Stanzas: Monthly Chapbooks September 2014: The First | Page 19
It was dark, and you were dark, and we drank dark coffee
ground from a dark bean grown in a dark place. But the mug was
star white, and your lipstick pressed so soft against the ceramic it
left a little print, a little bit of you. Dying. Stuck to a mug. Some
poor bastard’s mug. Some sorry fellow’s lifetime of effort. Some
worthless piece of kitsch. It didn’t even hold the heat very well.
Never drink your coffee cold. That’s what you told me.
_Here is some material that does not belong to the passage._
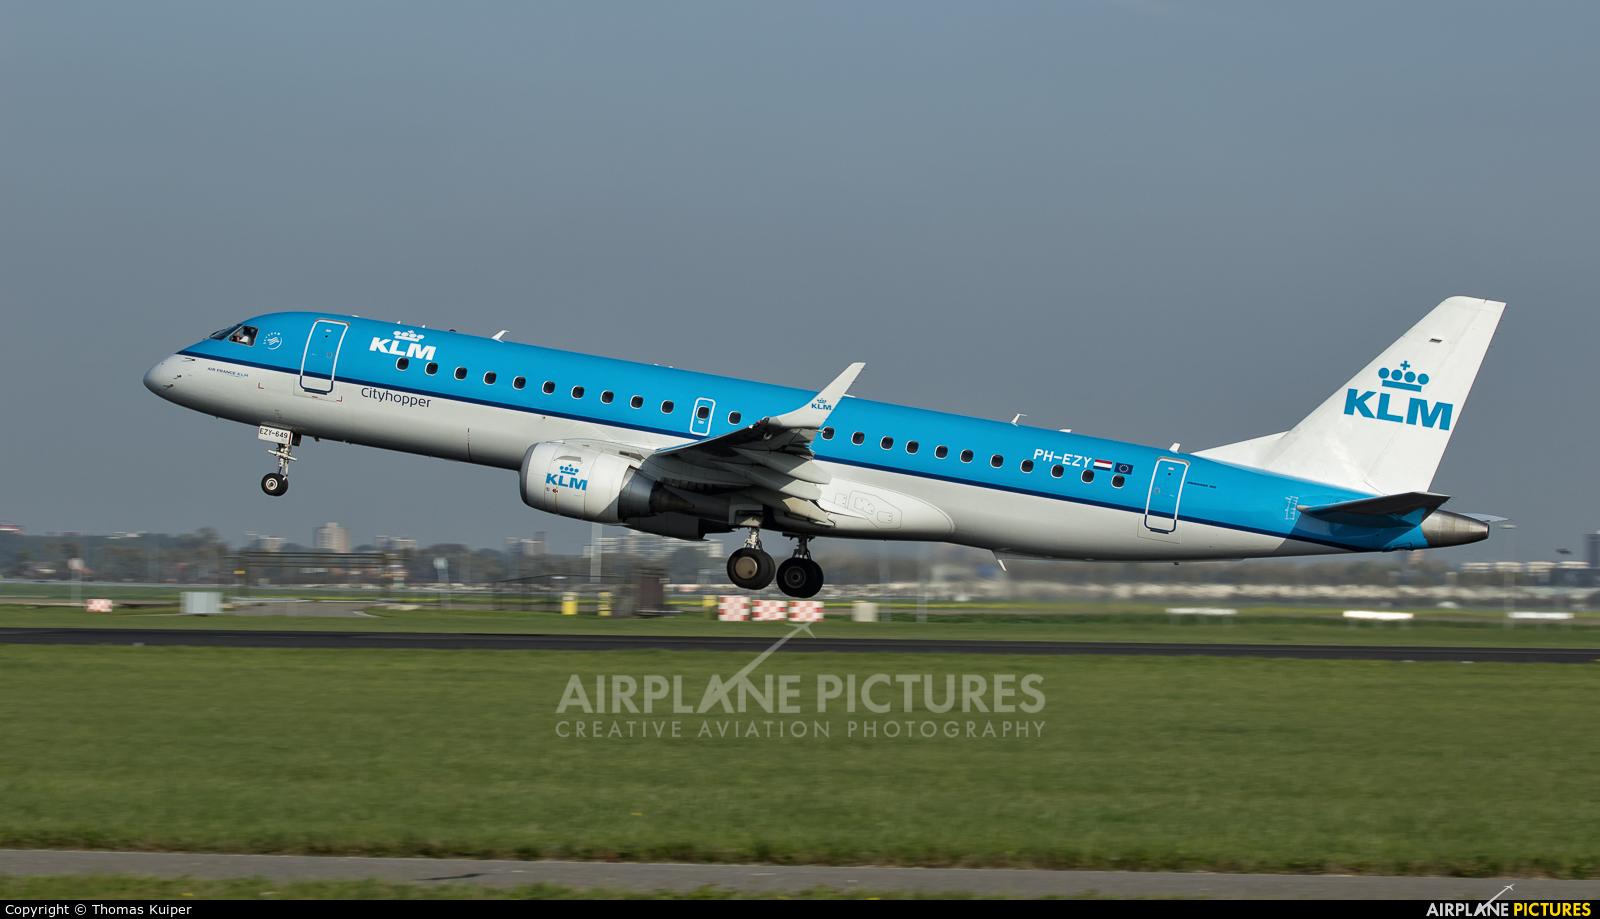 KLM Cityhopper PH-EZY aircraft at Amsterdam - Schiphol

Or did
I tell you?
So we were heart-hardened and sorry-faced and it was windy
or wet or cold or something miserable and horrible and crazy
when we entered swift-footed and sure: the coffeehouse.
Still small, still cramped in that homely way with tidbits here and
trinkets there like you’d just stumbled upon someone’s kitchen.
Maybe grandma is there baking pie and waiting to pinch your
cheek and ask you all about the lovely girl on your arm and won’t
you just have one small cup of coffee, sure isn’t it bitter out.
Bitter.
So god-damn bitter here.
We sat and chit-chatted small-talk to the kindly owner and
bobbed our heads to the existential music contemplating nihilism.
You kissed your mug and the lipstick stuck and it rained and it
rained and it rained. We had more, we indulged and pondered the
nature of rain, debated providence and divinity and you told me
all about that one time you were at your mother’s house in the
countryside and you potted.
You potted.
Flowers and herbs and shrubbery, things like that. We sat
there being rained on, sipping away at our youth in a cramped,
dilapidated coffeehouse while a perverted imp of a man overcharged us for his barely-heated bitter, black crap, and you
discussed the various way to pot plants.